WHAT IS REQUIRED:
Only lines, not pictures: please repeat exactly the lines from the one with "10 Tempat Wisata" through the end of the listing.

··· DATA EXCERPT ···

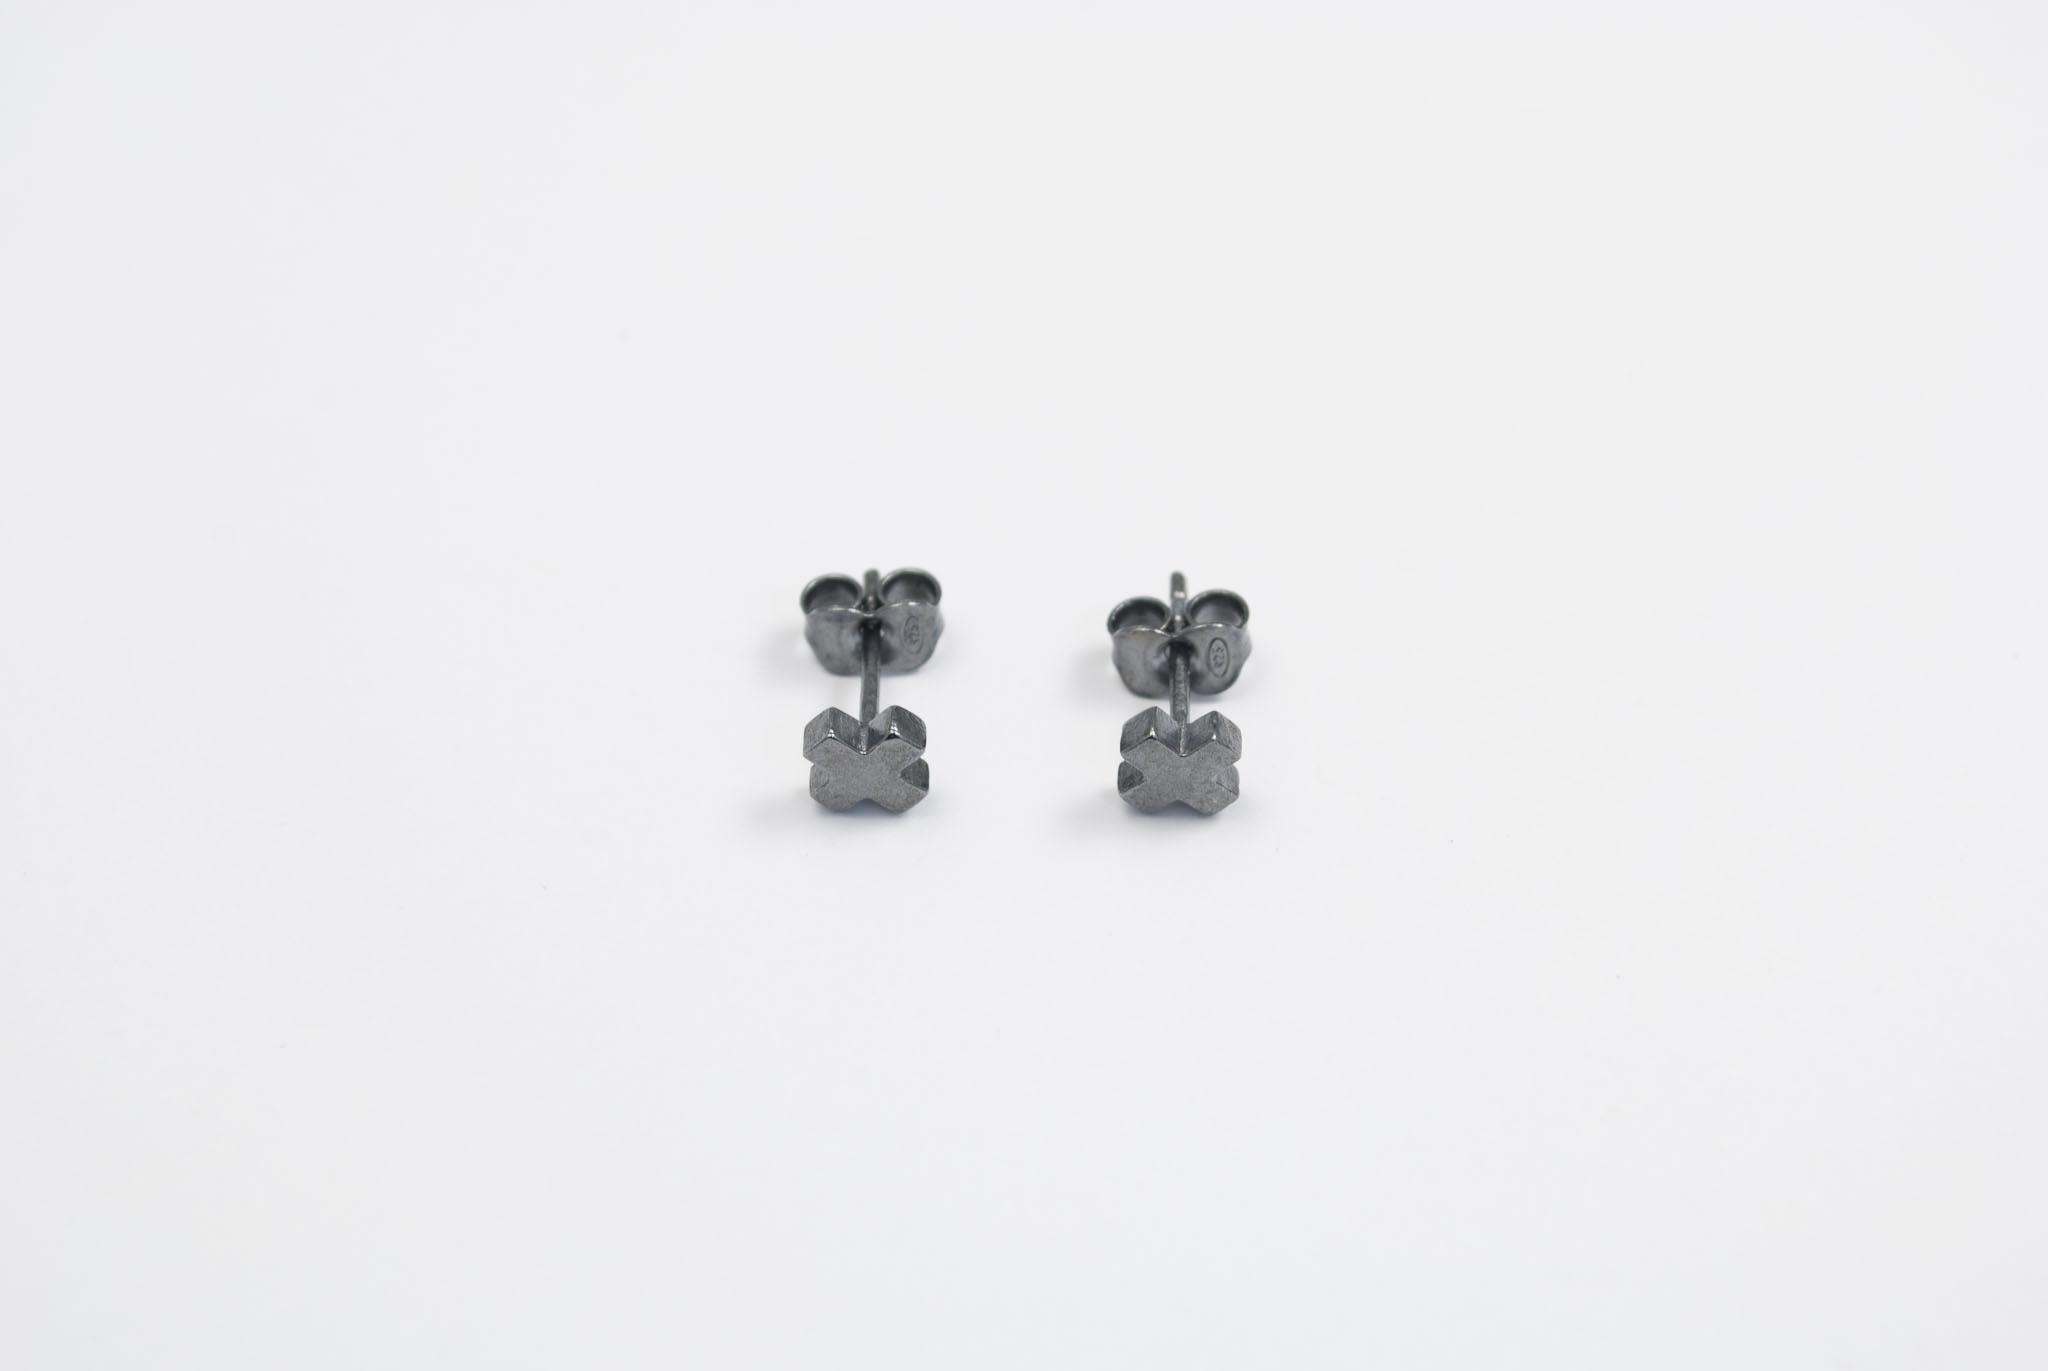 Silver earrings GRAD X - black patina
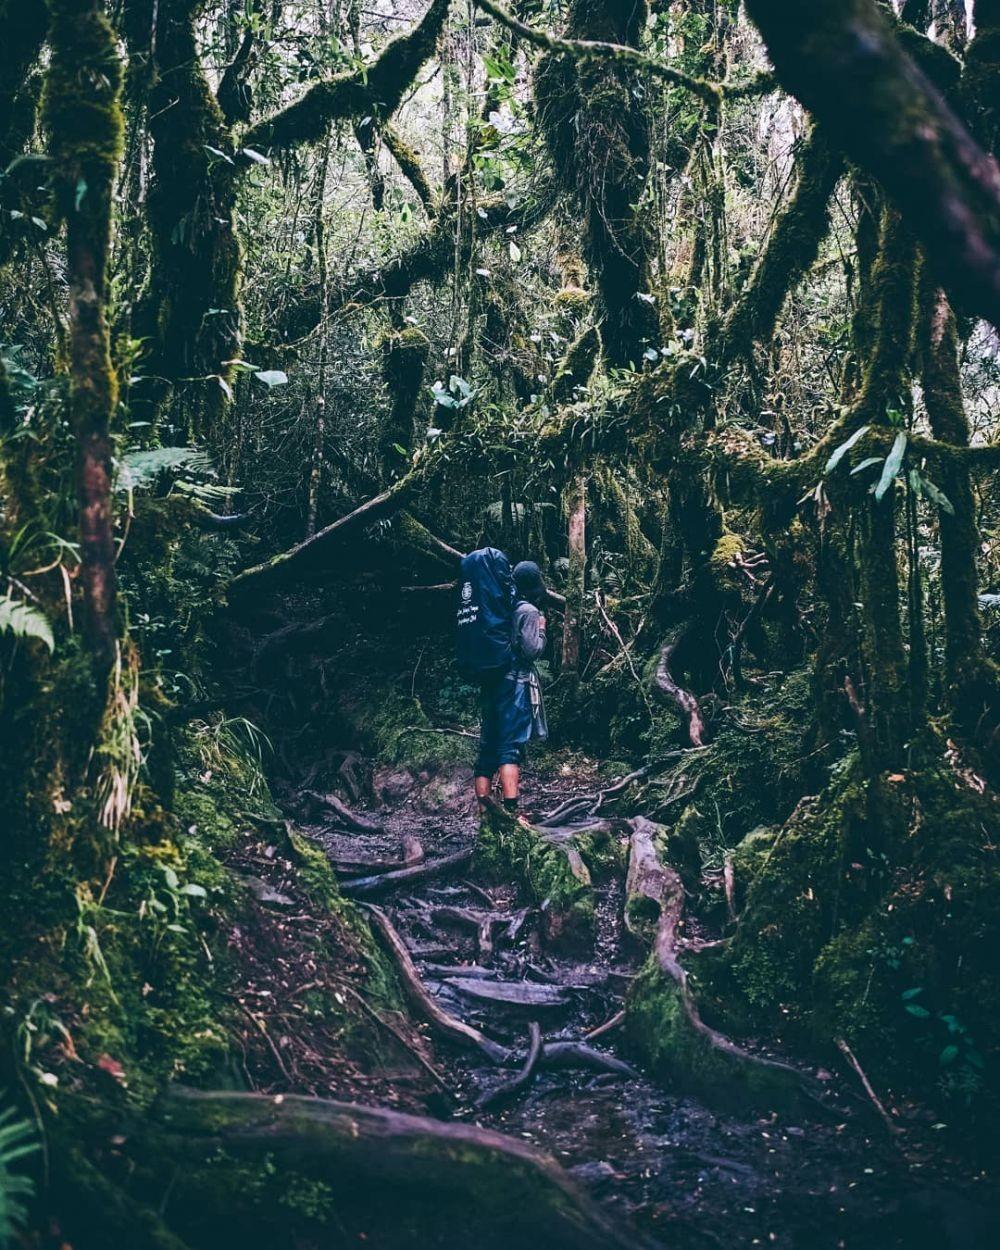 10 Tempat Wisata Paling Angker di Sumatra Barat, Bikin Merinding!
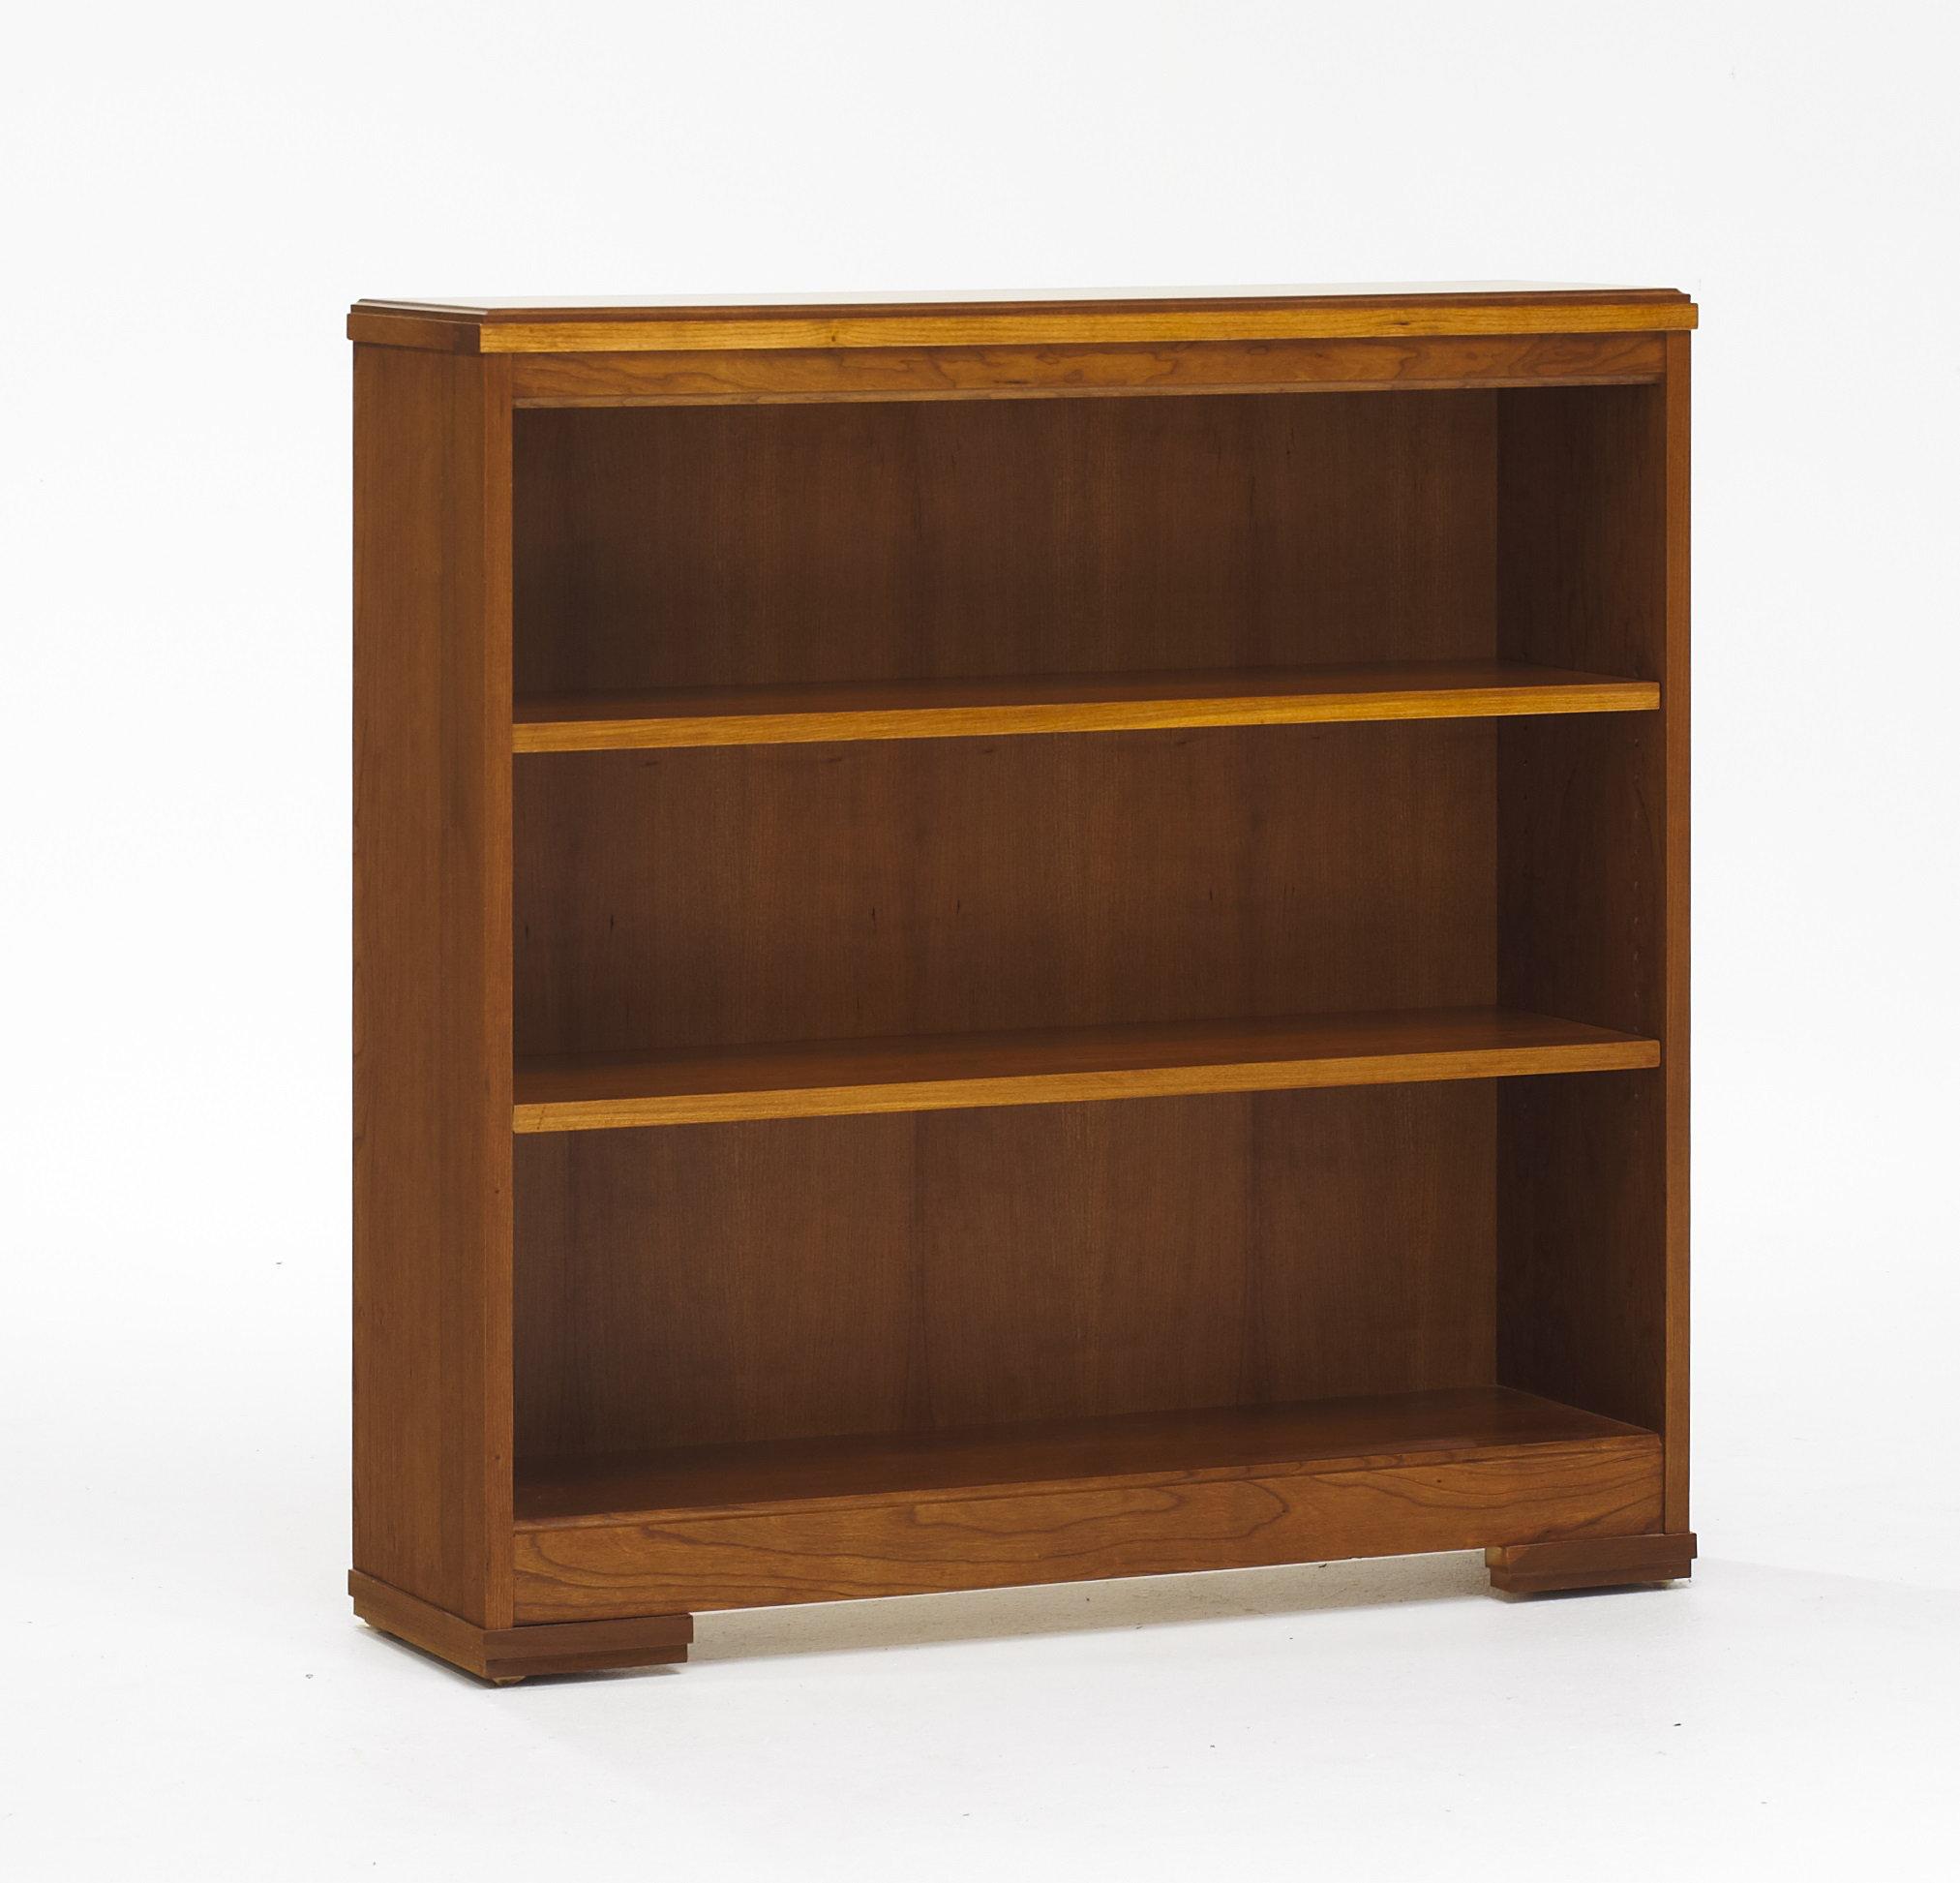 Hale Bookcases Traditonal Series Standard Bookcase Wayfair

···

FINAL ANSWER:
 10 Tempat Wisata Paling Angker di Sumatra Barat, Bikin Merinding!
 Hale Bookcases Traditonal Series Standard Bookcase Wayfair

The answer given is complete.